A door opened—I heard the groan of heavy hinges, felt the shift in air pressure. Then we were moving through what felt like a corridor, my footsteps muffled on what might have been carpet. Another door. Another corridor. The place was a maze, designed to disorient, to make escape impossible even if I somehow got free.
Finally, we stopped. The hood came off. I blinked against the sudden light, eyes watering, and found myself in the last place I'd expected: a room that looked like it belonged in a high-end hotel.

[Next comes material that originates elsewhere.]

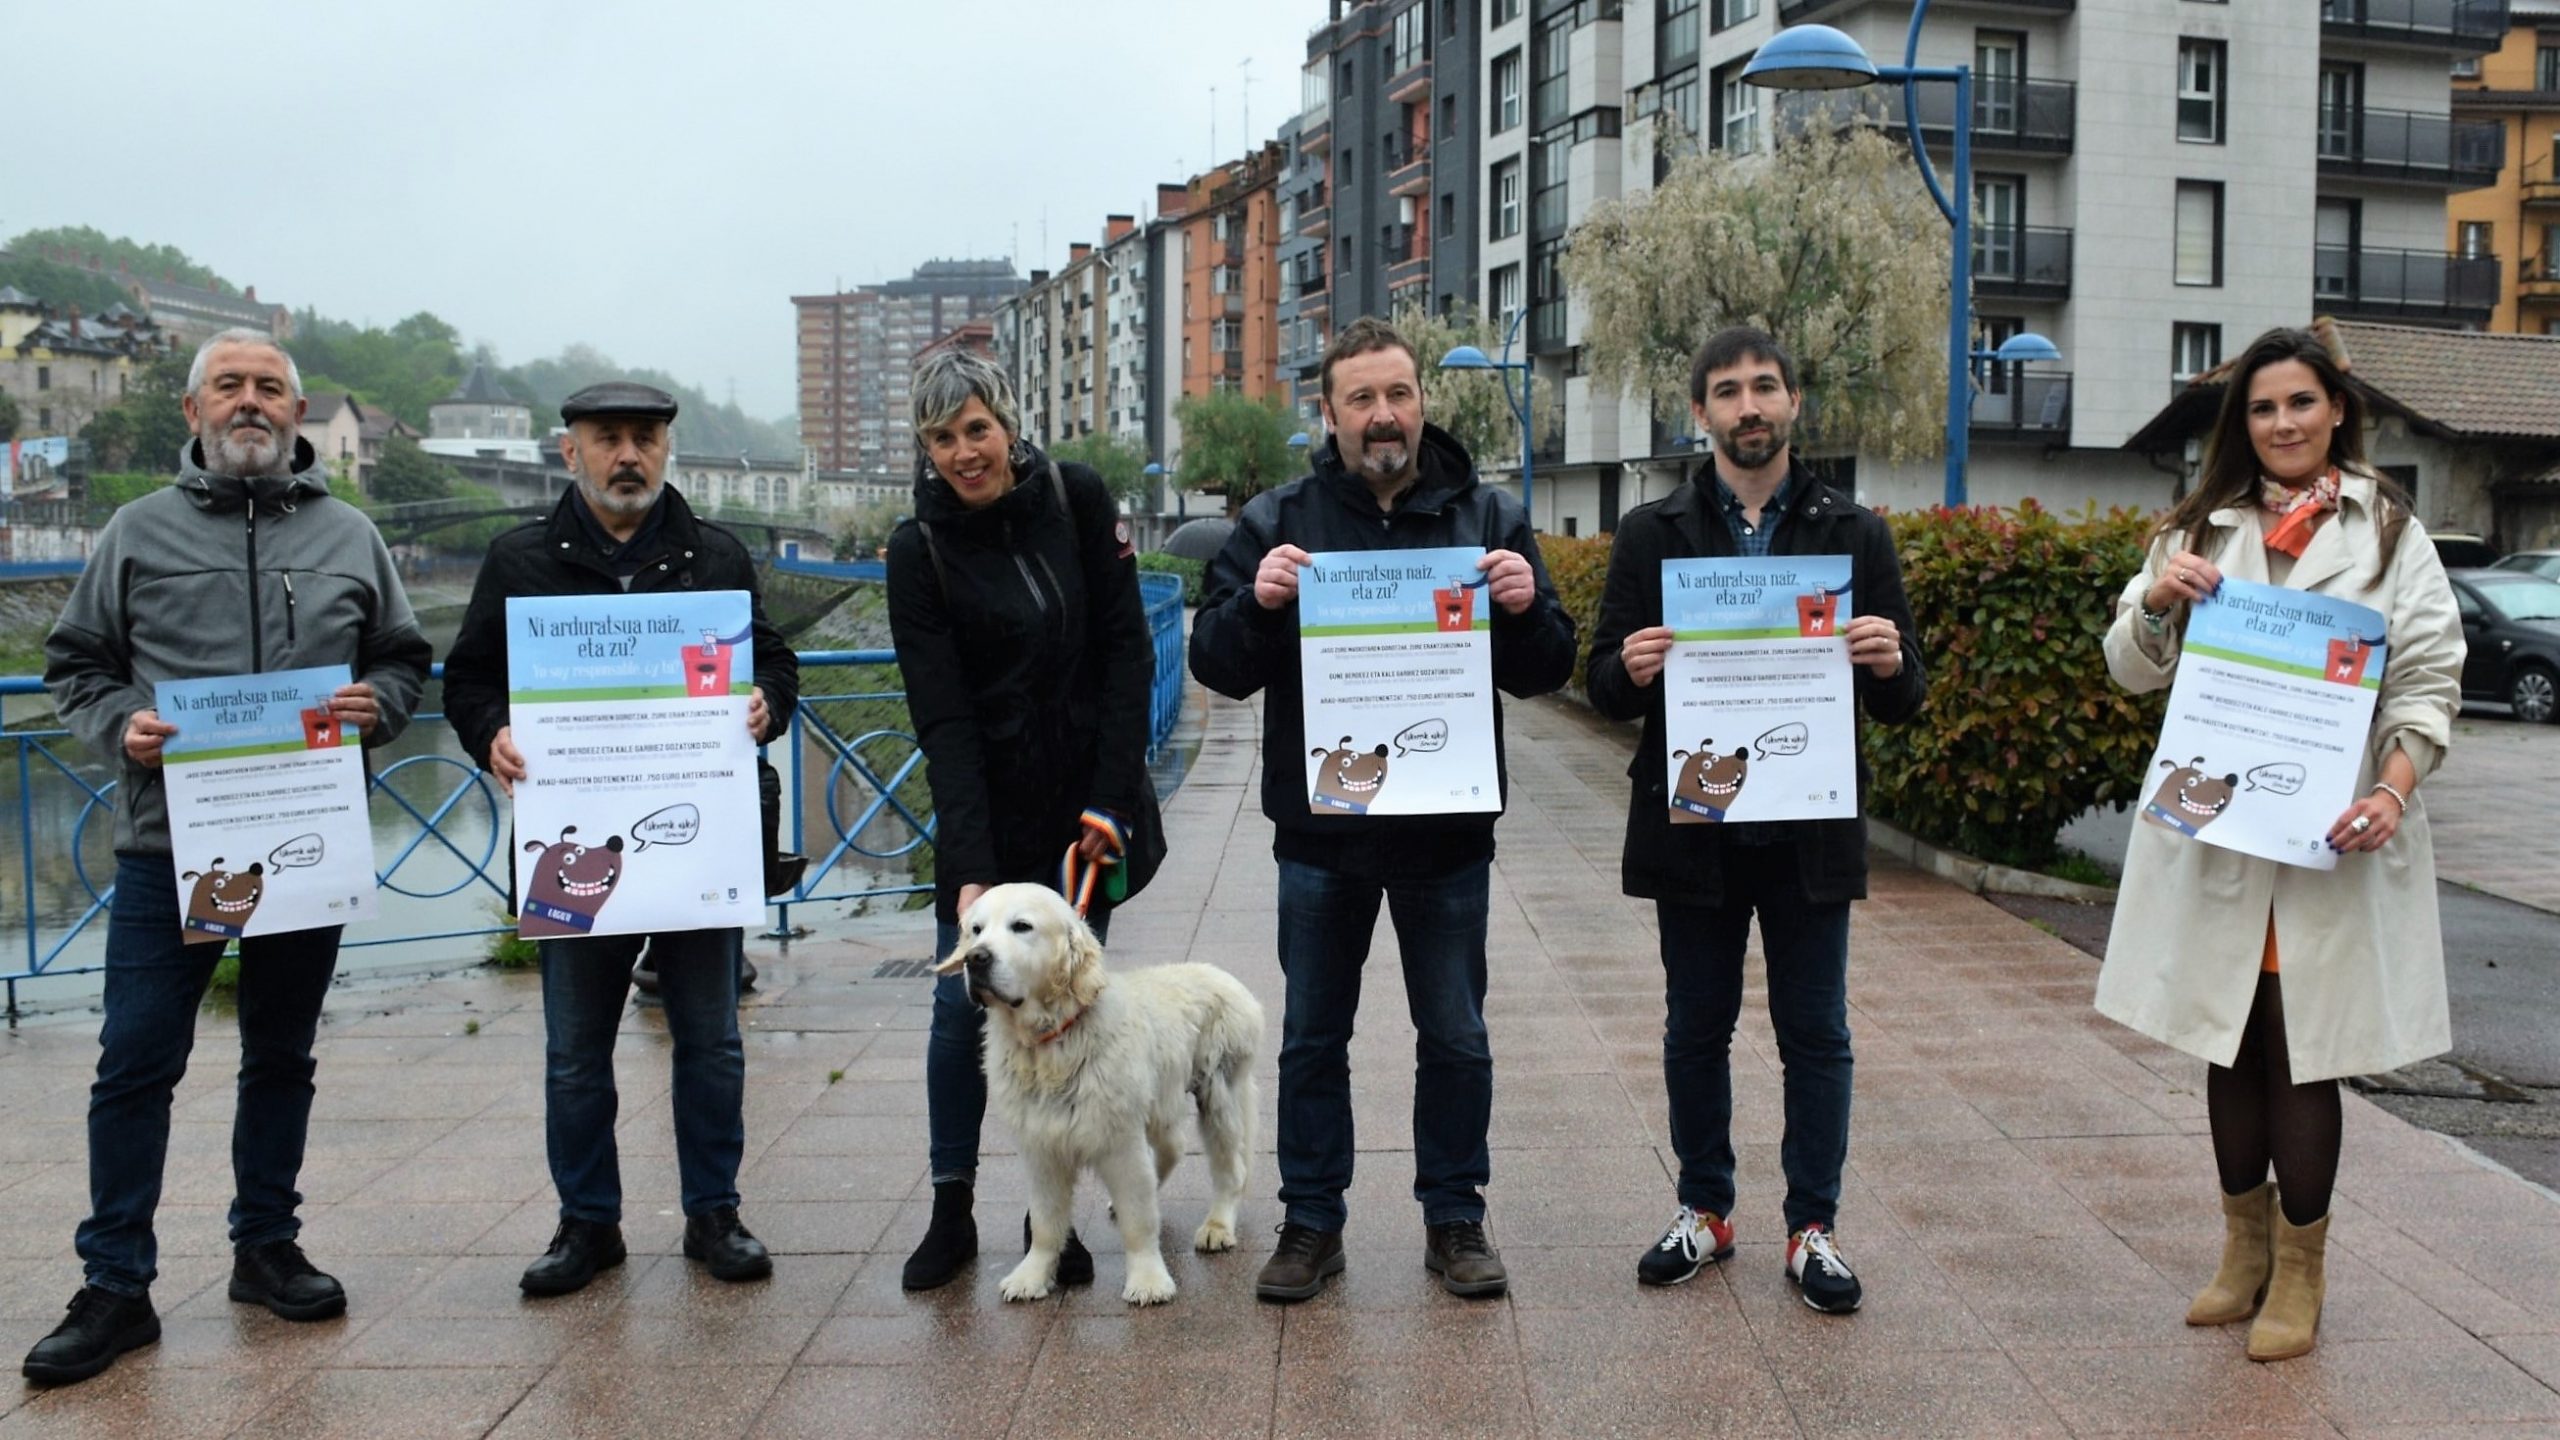 El Ayuntamiento de Errenteria ha puesto en marcha una campaña bajo el lema ‘Yo soy responsable, ¿y tú?’  buscando la corresponsabilidad de las personas responsables de perros

Cream-colored walls, tastefully lit by recessed fixtures ithat cast no shadows. A queen-sized bed with a dark wooden frame and expensive linens—silk, I realized when my eyes adjusted, in a deep burgundy that looked almost black in the artificial light. An armchair upholstered in leather the color of dried blood. Art on the walls—abstract pieces in muted colors, the kind you'd see in a corporate lobby, chosen for their inoffensiveness rather than their meaning.

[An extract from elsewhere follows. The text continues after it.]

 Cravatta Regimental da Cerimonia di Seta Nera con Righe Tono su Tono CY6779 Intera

A door that might lead to a bathroom. Carpet thick enough to muffle footsteps, thick enough to muffle screams.
No windows. No clock. No way to tell if it was dayor night, morning or evening. The air was perfectly still, temperature-controlled, carrying no scent except a faint trace of cleaning chemicals and something else—something floral, cloying, the ghost of expensive candles.
The silence was absolute. No traffic noise, no voices, no indication that the world outside this room even existed. Just the soft hum of climate control and the sound of my own ragged breathing.
Cross's voice came from behind me: "I had this prepared especially for you. Do you like it?"
I didn't answer. Didn't turn around. Just kept cataloging the room with the desperate focus of a drowning man counting his breaths.
One door—the one I'd come through—heavy and reinforced, with no handle on this side. Climate controlled, the air neither warm nor cold, perfectly regulated. The ceiling was too high to reach, the walls solid, the carpet too plush to hide anything useful underneath.
This wasn't a prison cell. It was a gilded cage. Cross had been planning this for a long time.
"You'll be comfortable here," Cross continued, stepping into my peripheral vision. He'd removed his sweater, rolled up his sleeves, looking relaxed in a way that made my skin crawl. "I've thought of everything. Fresh clothes in the closet. Books, if you want them. The bathroom has a shower and all the toiletries you might need."
He reached out, traced a finger down my arm. I held myself perfectly still. "You can even have meals brought to you. Anything you want." His voicedropped, turning intimate. "I remember how much you liked my cooking. I've missed preparing things for you."
The words were tender. The touch was gentle. And every nerve in my body screamed that I was in the presence of a predator.
"The zip ties," I said. My voice came out hoarse, rough from hours of silence and smoke inhalation. "Take them off."
Cross smiled—warm, indulgent, like a parent humoring a child's request. "Of course. Where are my manners?"
He produced a knife from somewhere, cut the plastic with a practiced flick. Blood rushed back into my hands, pins and needles that made me grit my teeth. I rubbed my wrists, buying time, trying to think.
"There." Cross tucked the knife away. "Better?"